Quote for the Week
Continue Reading…The world seems to be subject to curious brainstorms — the crusades, the Mississippi scheme, and the south sea bubble, are examples. Let me quote from Mackay’s Popular Delusions, referring to what he calls the Tulipomania of the seventeenth century:
Everyone imagined that the passion for tulips would last forever… The riches of Europe would be concentrated on the shores of the Zuyder Zee, and poverty banished from the favored clime of Holland. People of all grades converted their property into cash and invested it in flowers. Foreigners became smitten with the same frenzy and money poured into Holland from all directions… Holland seemed the very antechamber of Plutus.
You will recognize some of these expressions. It seems incredible that so solid a nation as the Dutch should nearly ruin itself on such a thought, but is it any more credible than that we would go into debt to pay thirty times earning power, and even more, for common stocks of the “New Economic Era” on the theory that we also were going to ”banish” poverty by selling billions in manufactures to an almost bankrupt world by the expedient of continually lending our customers more money?
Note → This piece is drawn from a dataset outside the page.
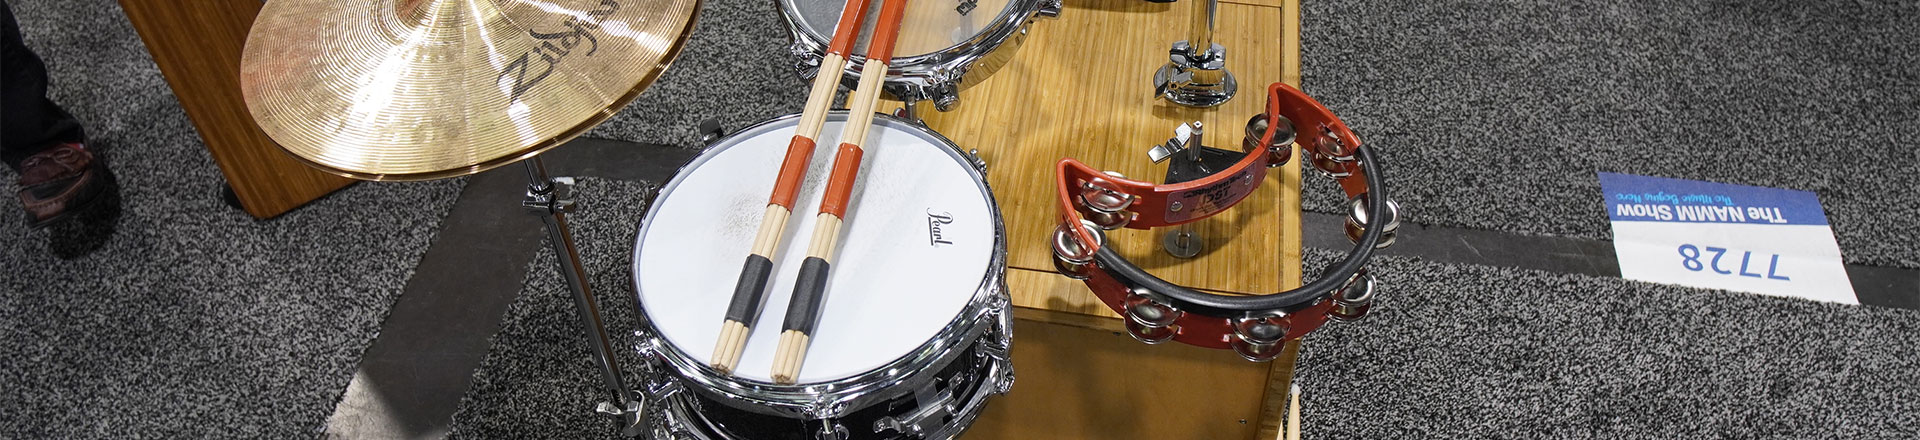 Drummers Dream Kit, czyli mały może więcej
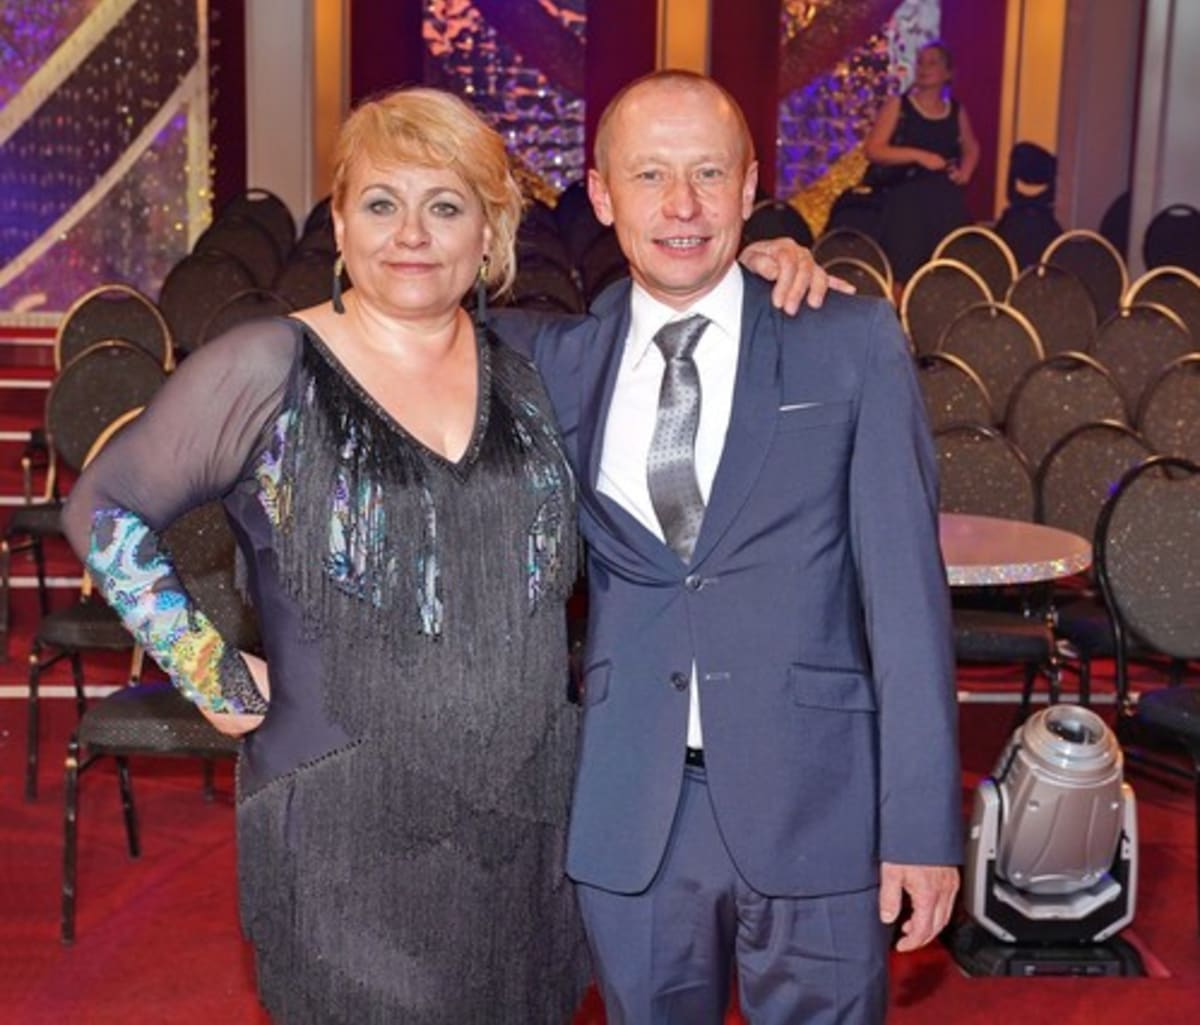 Pavla Tomicová s manželem Ondřejem Malým

We built up a tinsel tower of paper prosperity out of debts and speculative hopes and such other things as dreams are made of. It lies in ruins, but the debts remain. What shall we do? Are we to try to put, or keep, substance in things which had no substance in the beginning, or shall we clear away the wreck? I think our duty is clear, and that in taking it we must remember that delusions swing between extremes, like pendulums. Delusions of grandeur and unending wealth give place to delusions of unending gloom. One is as unreal as the other. — Bernard Baruch (source)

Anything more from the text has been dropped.